(Beginning of Data for this task)

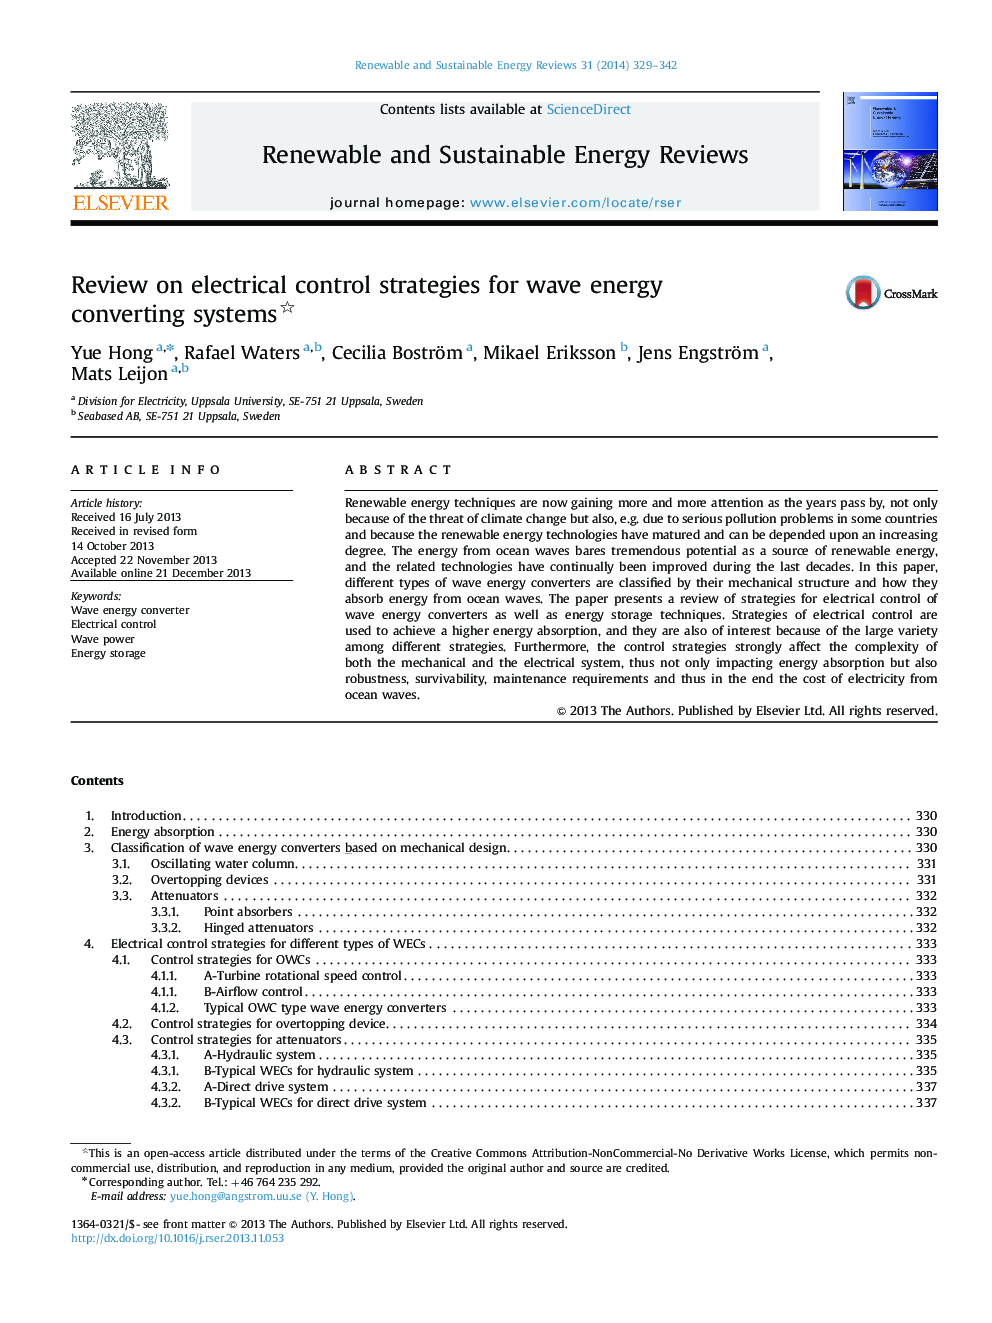 بررسی استراتژی کنترل الکتریکی برای سیستم های تبدیل انرژی موج 
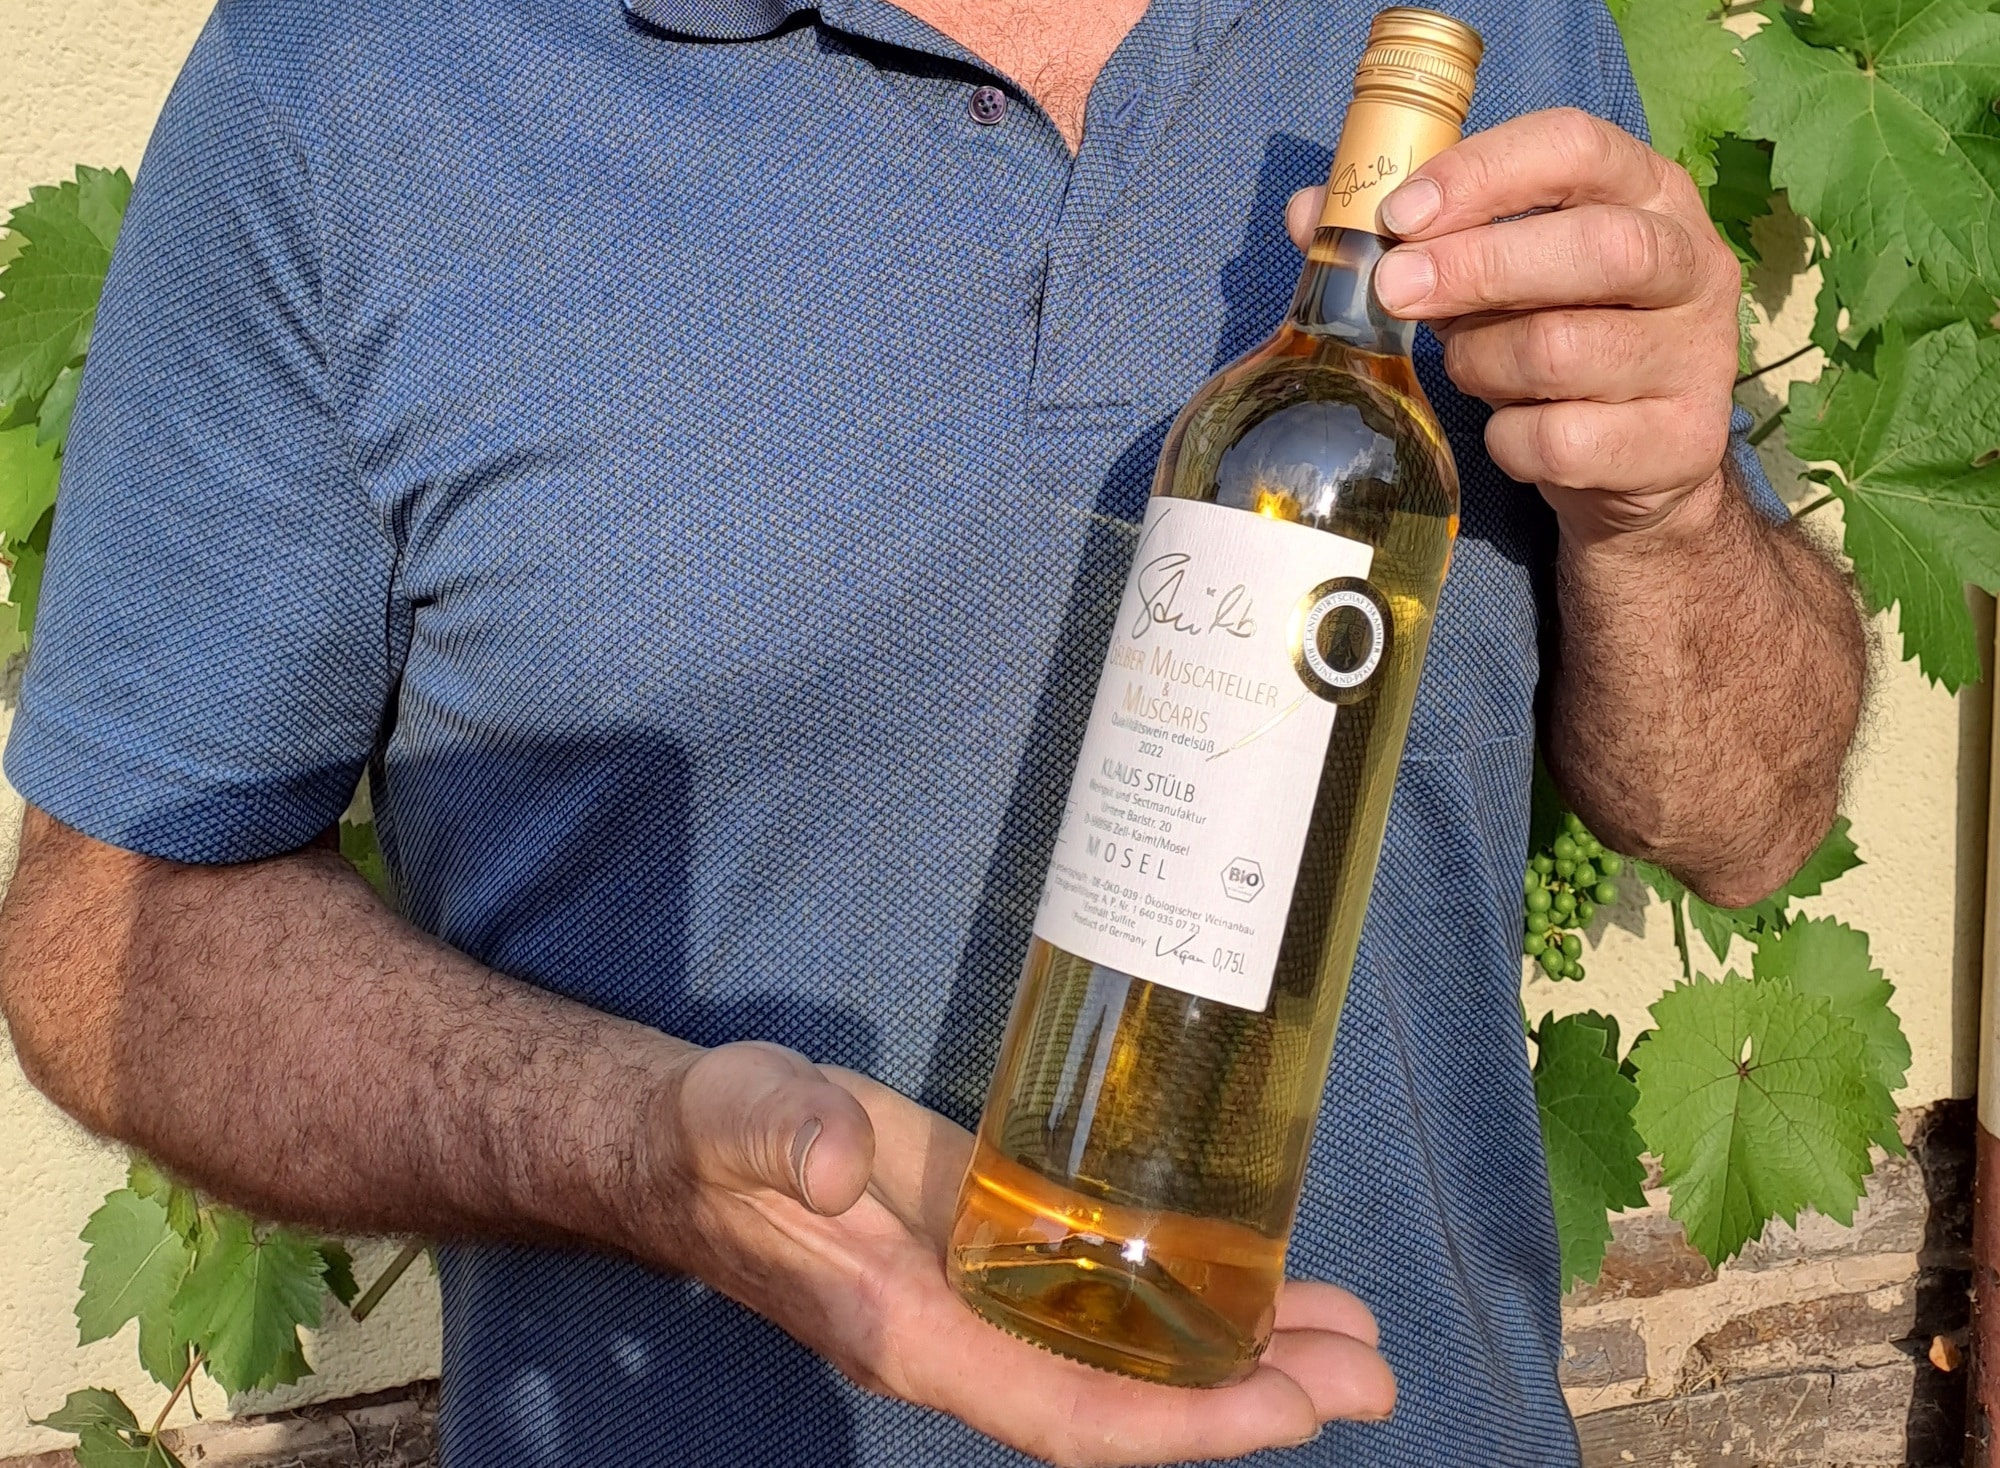 Winzer Klaus Stülb mit einer Flasche seines Gelben Muscateller & Muscaris
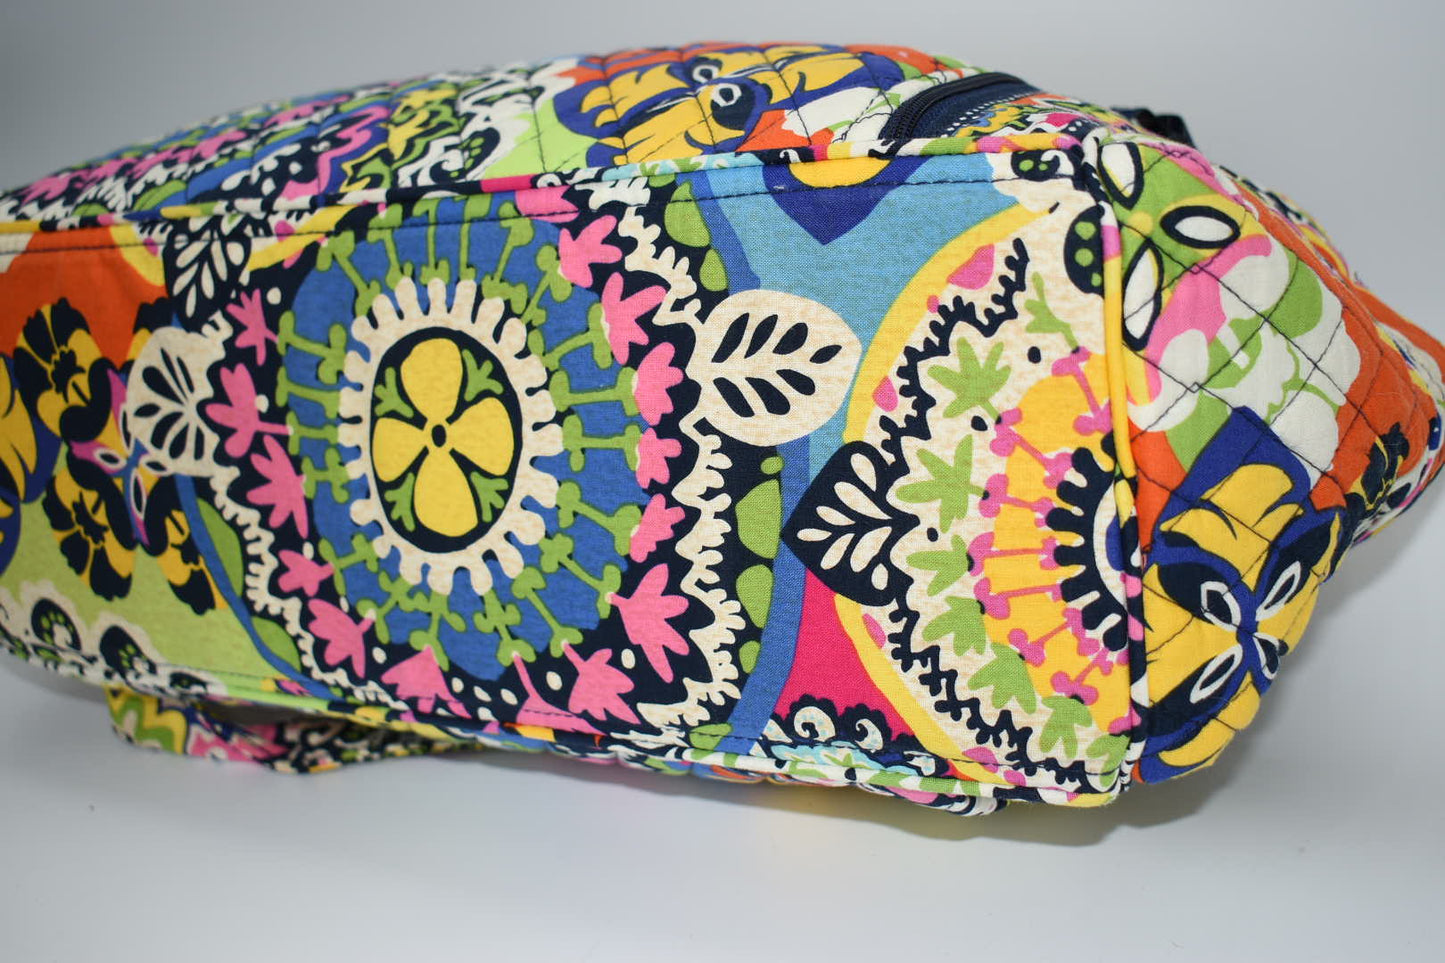 Vera Bradley Make A Change Diaper Bag in Rio Pattern
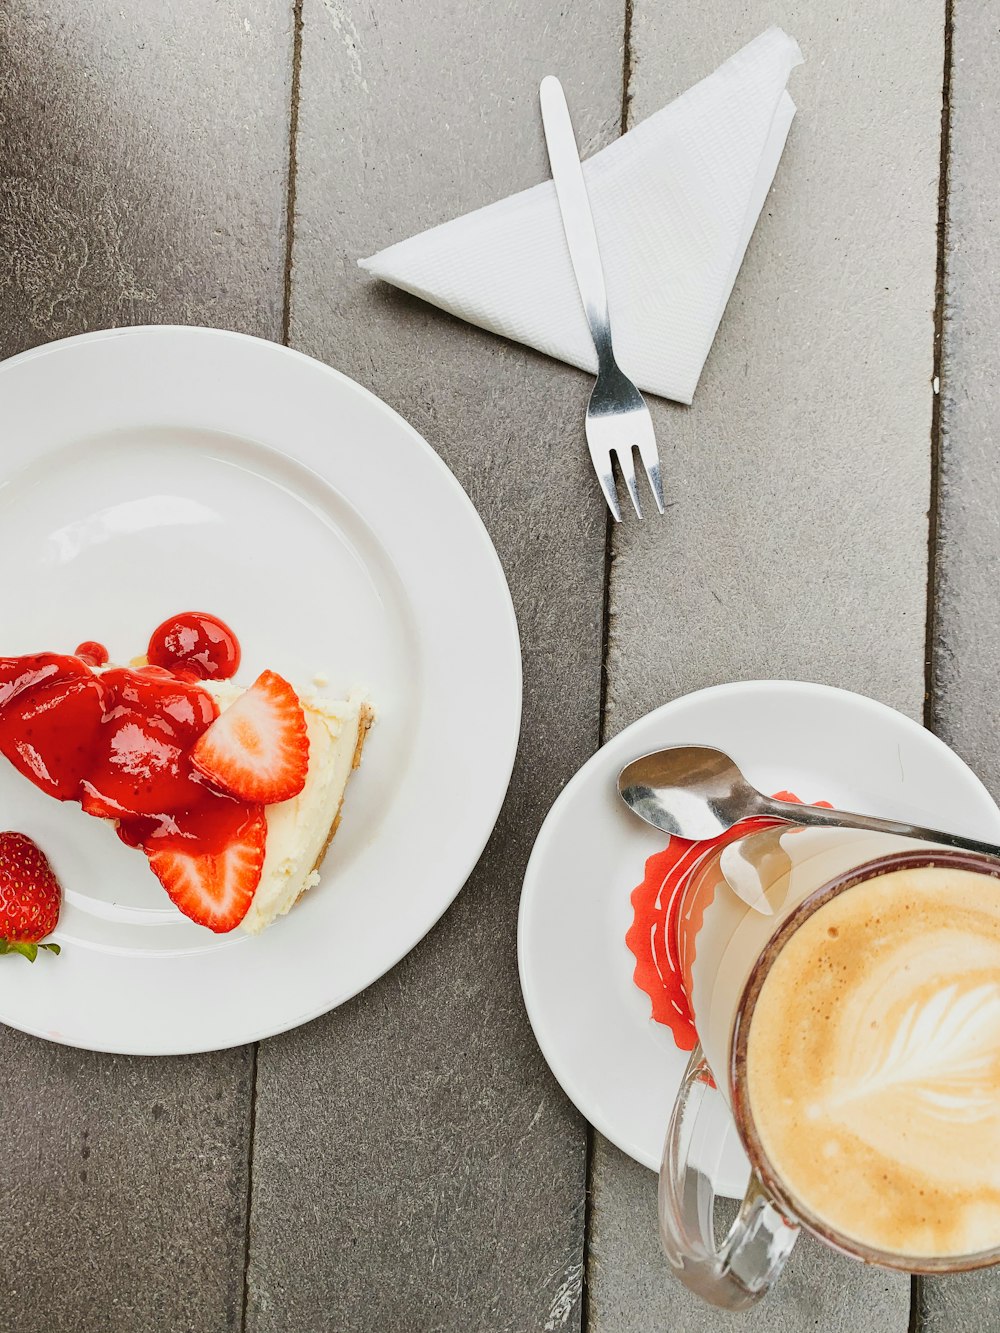 Fraise et fraise sur assiette en céramique blanche
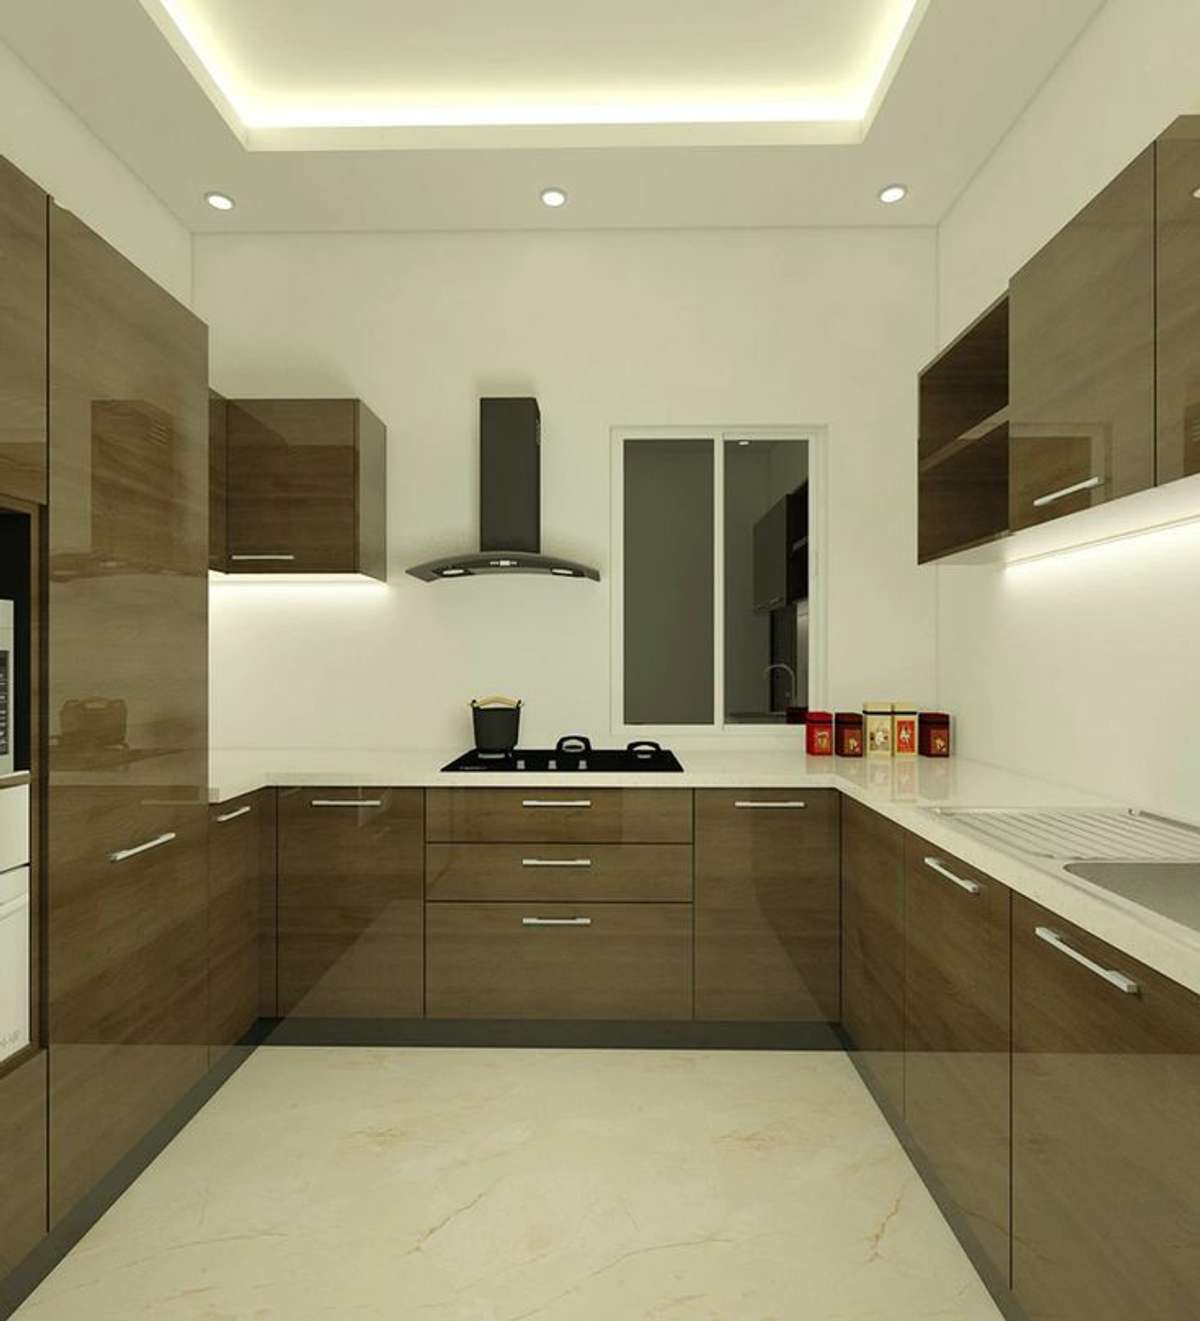 Ceiling, Kitchen, Lighting, Storage Designs by Interior Designer Astha jain, Jaipur | Kolo

(End of Data for this task)

Work order ▸
Your output must reproduce the material above in full, with no pictures.

Task result ▸
 بررسی استراتژی کنترل الکتریکی برای سیستم های تبدیل انرژی موج 
 Winzer Klaus Stülb mit einer Flasche seines Gelben Muscateller & Muscaris
 Vera Bradley Make A Change Diaper Bag in Rio Pattern
 Fraise et fraise sur assiette en céramique blanche
 Ceiling, Kitchen, Lighting, Storage Designs by Interior Designer Astha jain, Jaipur | Kolo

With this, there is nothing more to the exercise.